What to do: Beginning with the line containing "patrorna women pink comfort casual shirt" and going on through the line containing "Premium Japanese knives", the lines below are to be returned exactly, pictures excluded and nothing added.

Listed entries:
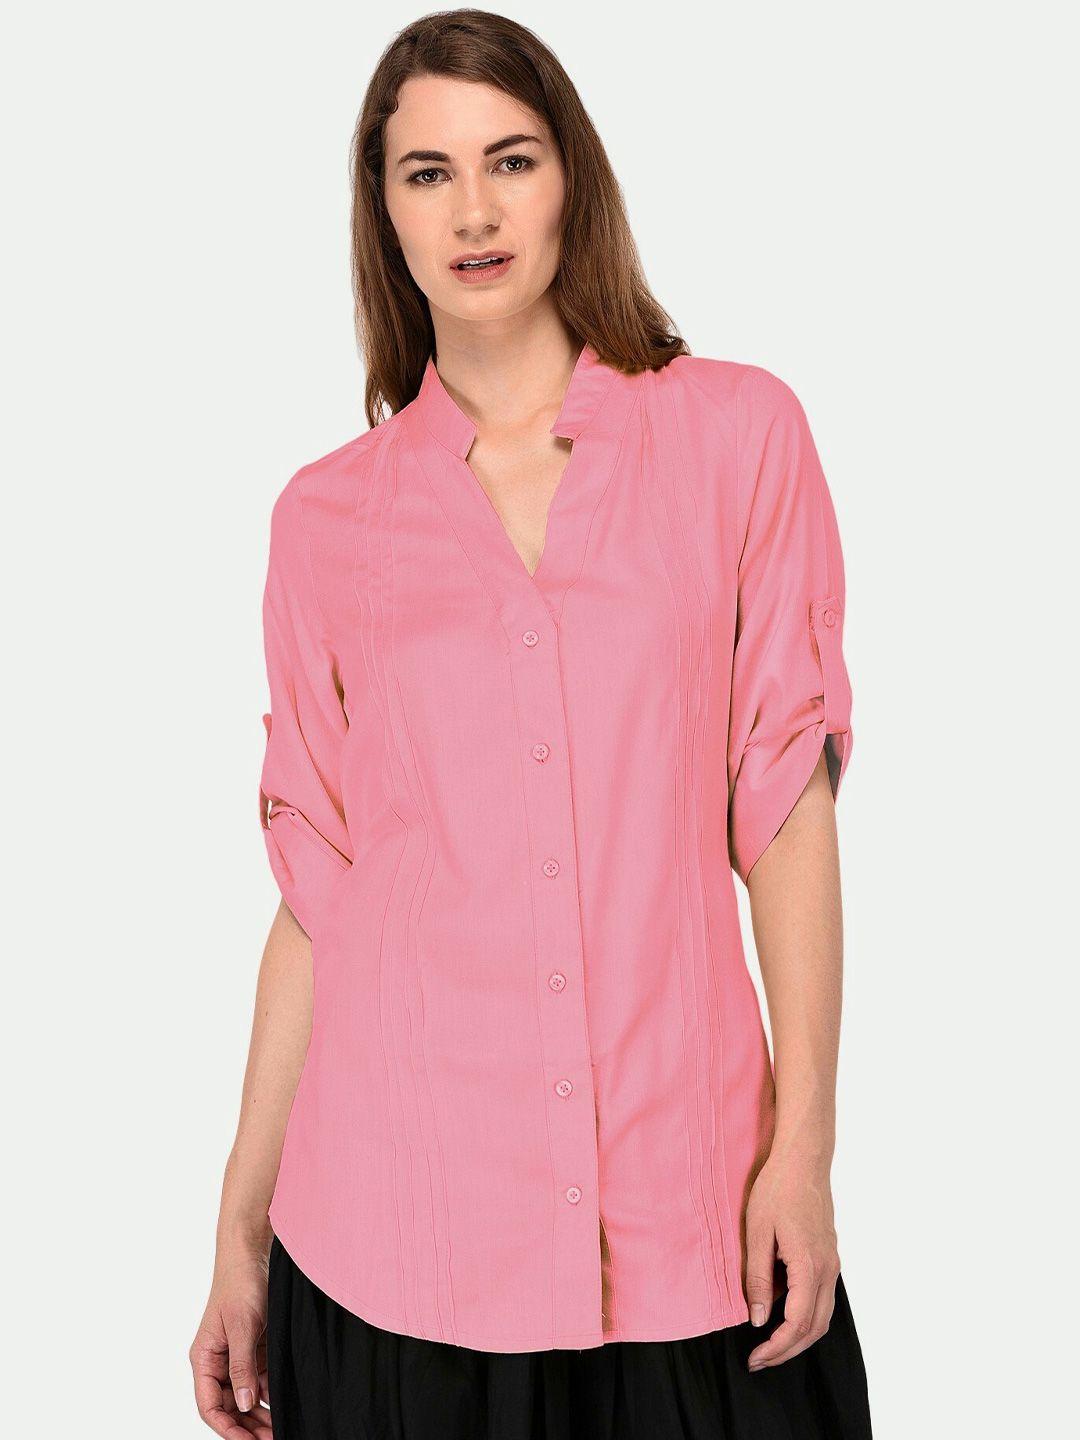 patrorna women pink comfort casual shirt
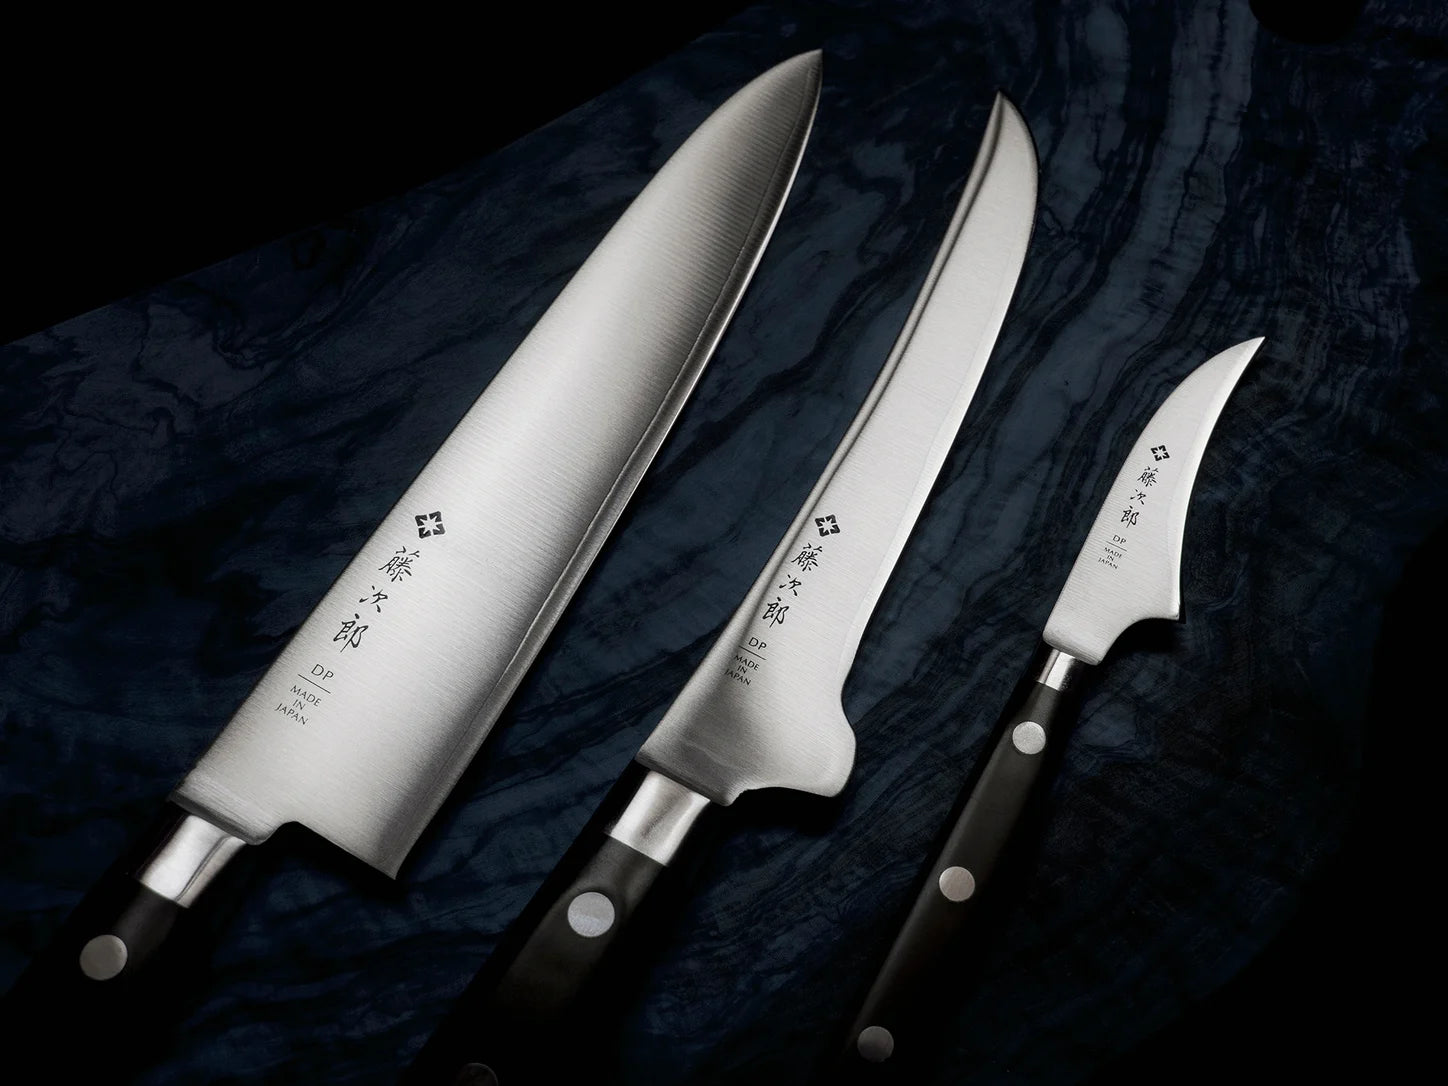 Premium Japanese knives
---
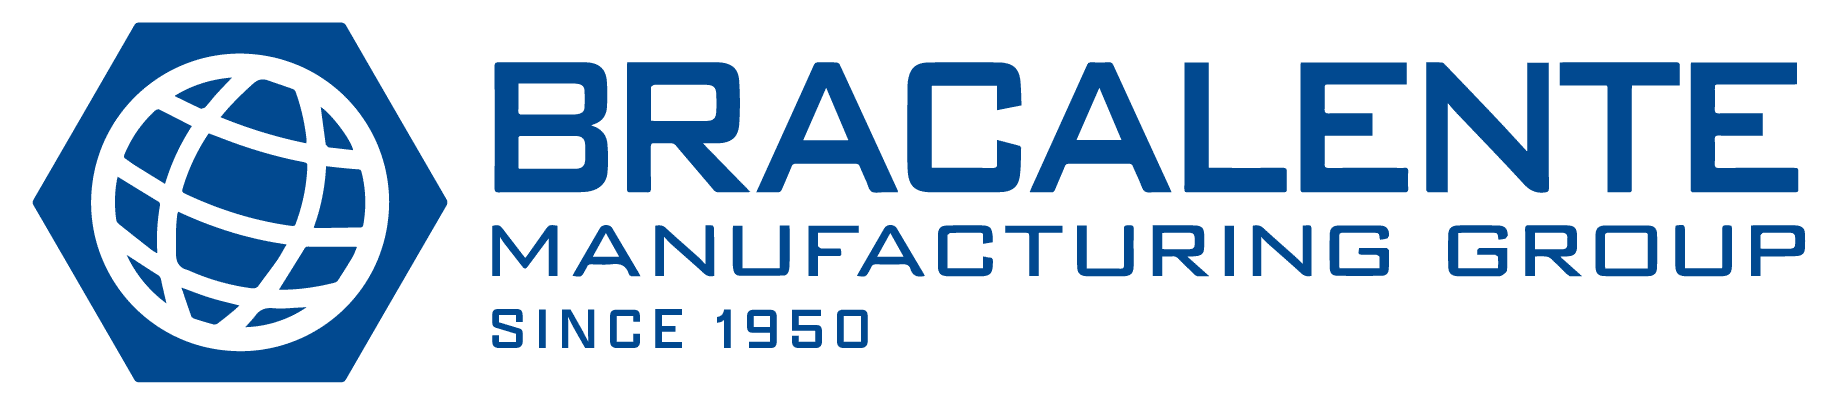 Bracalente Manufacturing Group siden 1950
* * *
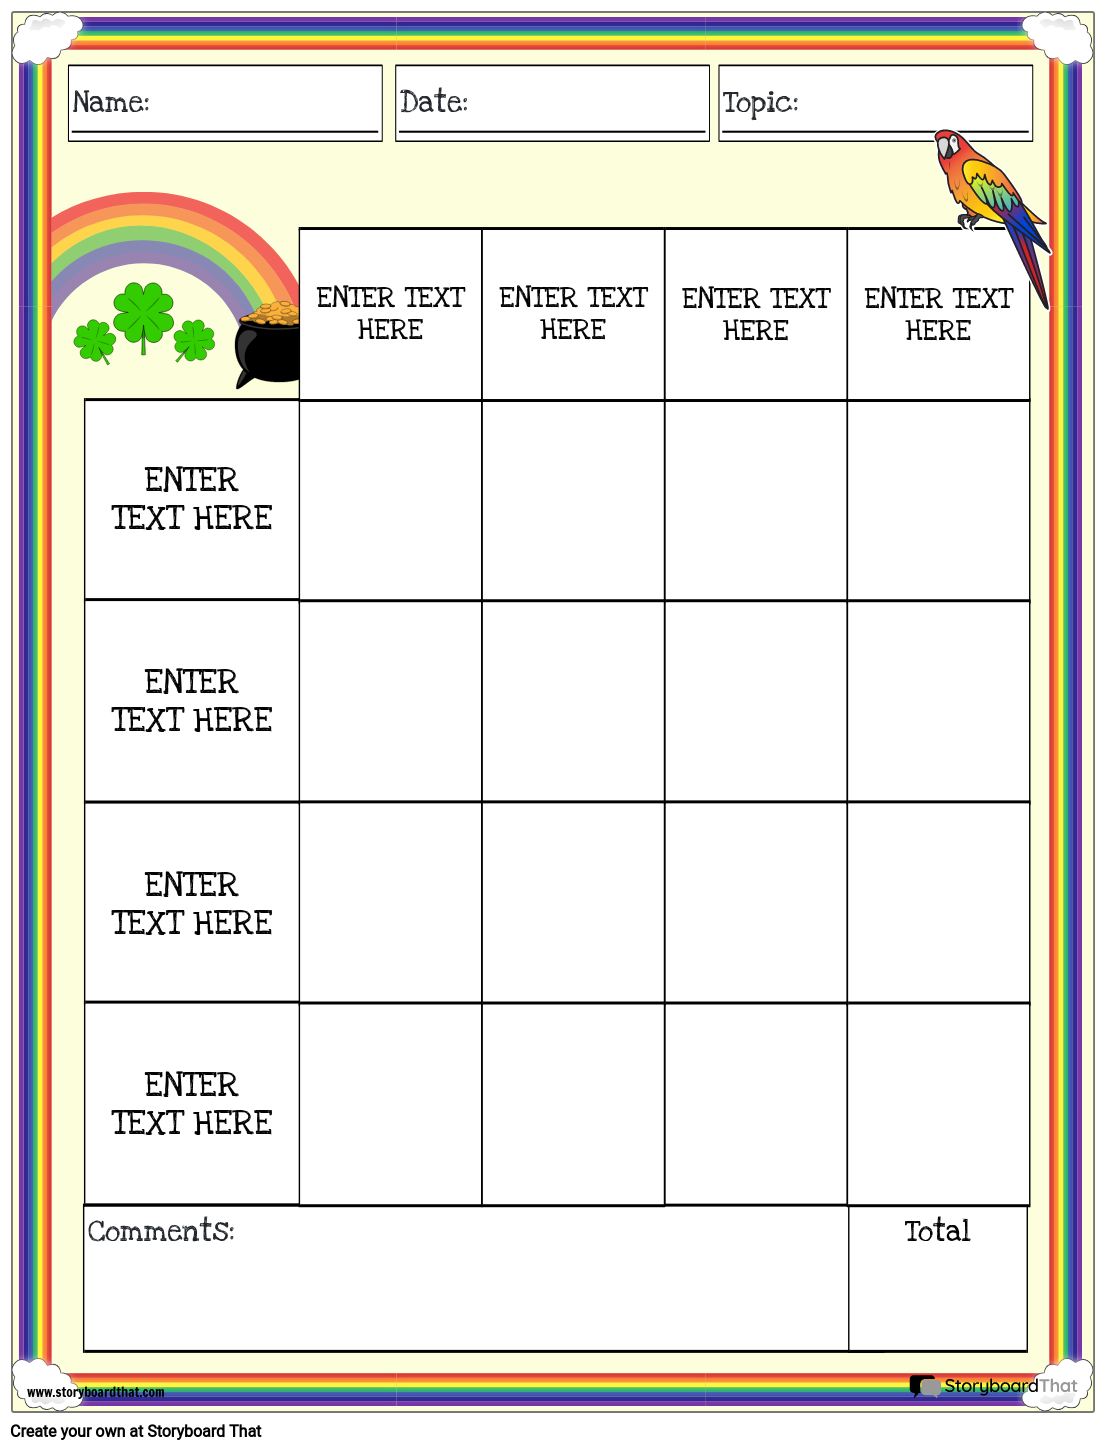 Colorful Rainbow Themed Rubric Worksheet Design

Solved problem:
 patrorna women pink comfort casual shirt
 Premium Japanese knives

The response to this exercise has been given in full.